On Tuesday, the RCMP named Kam McLeod, 19, and Bryer Schmegelsky, 18, as suspects in the homicides of a young tourist couple gunned down last week, as well as the suspicious death of another man whose body was found near the friends' burnt-out truck days later.

Although it's believed McLeod and Schmegelsky have left British Columbia and may still be on the move — with sightings in northern Manitoba — the alleged killings have left many on edge where police suspect they took place.  

McLeod, left, and Schmegelsky, right, from Port Alberni, B.C., are suspects in the homicides of a young couple gunned down in mid-July and in the suspicious death of another man whose body was found near the men's burnt-out truck days later. (B.C. RCMP/Alan Schmegelsky)

"I've spoken to people who are thinking twice about their hiking plans or their weekend camping trips while these investigations are still underway," Kurjata told The Current's guest host Anthony Germain

The string of deaths, as well as the accompanying Canada-wide warrant and mystery, highlight the isolated nature of the region, Kurjata explained.

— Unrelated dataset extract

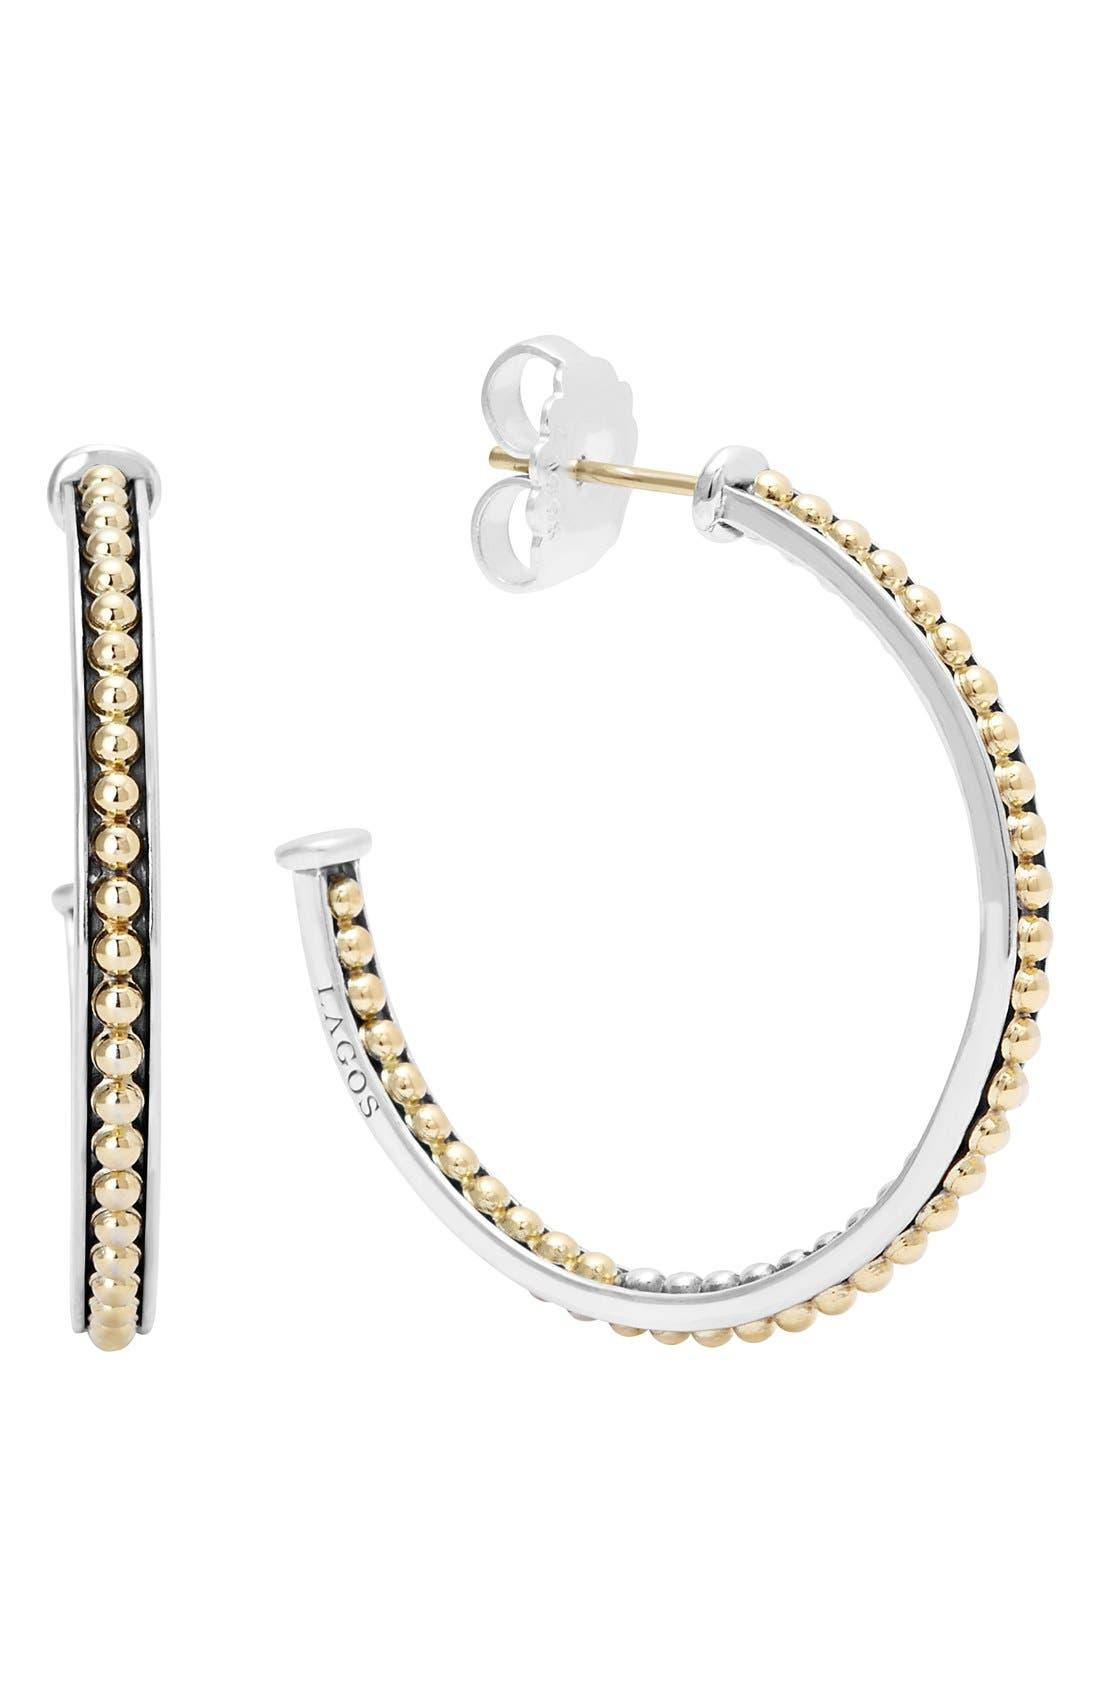 Main Image - LAGOS 'Enso' Caviar Hoop Earrings
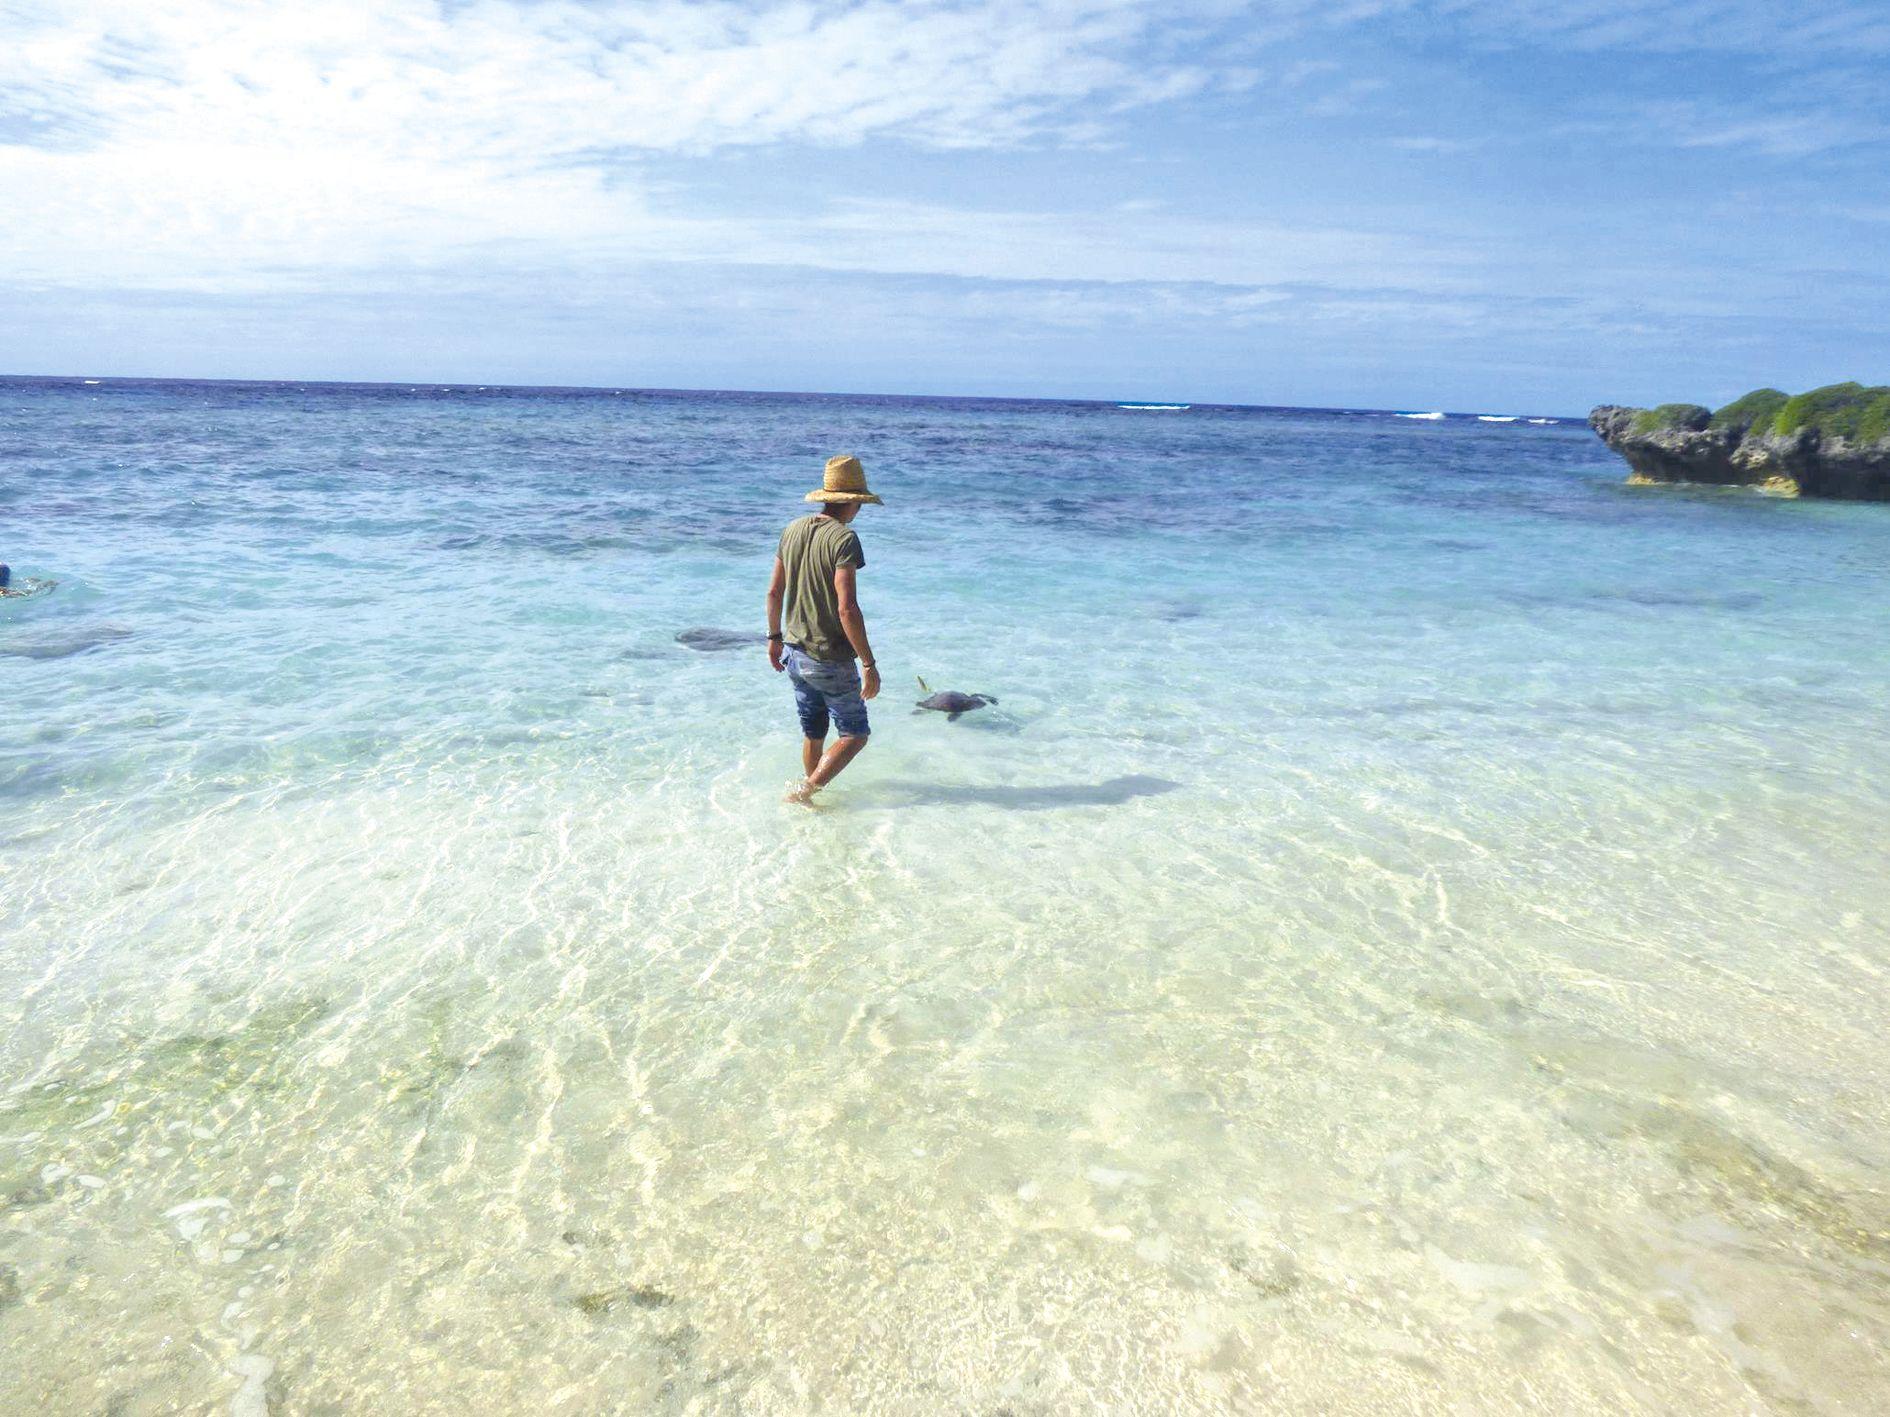 Antoine Barnaud, le vétérinaire de la PIL, a procédé au  lâcher de la tortue, qui a aussitôt disparu sous les eaux.

"Lots of people drive along these long, northern highways for work [and] to visit family. Expectant mothers who live in Fort Nelson, south of Liard, have to make the trek several hours away to get maternity care in hospitals," he said.

The thousands of tourists drawn to the region's pristine wilderness must take safety precautions before setting out, he advised.

Cell coverage is close to non-existent and calling 911 is not an option, Kurjata explained. When it comes to driving a long stretch of single-lane highway, rest areas a "few and far between." 

"Many of them are just pullouts along the highway rather than a gas station or a restaurant where you might talk to another person," he said.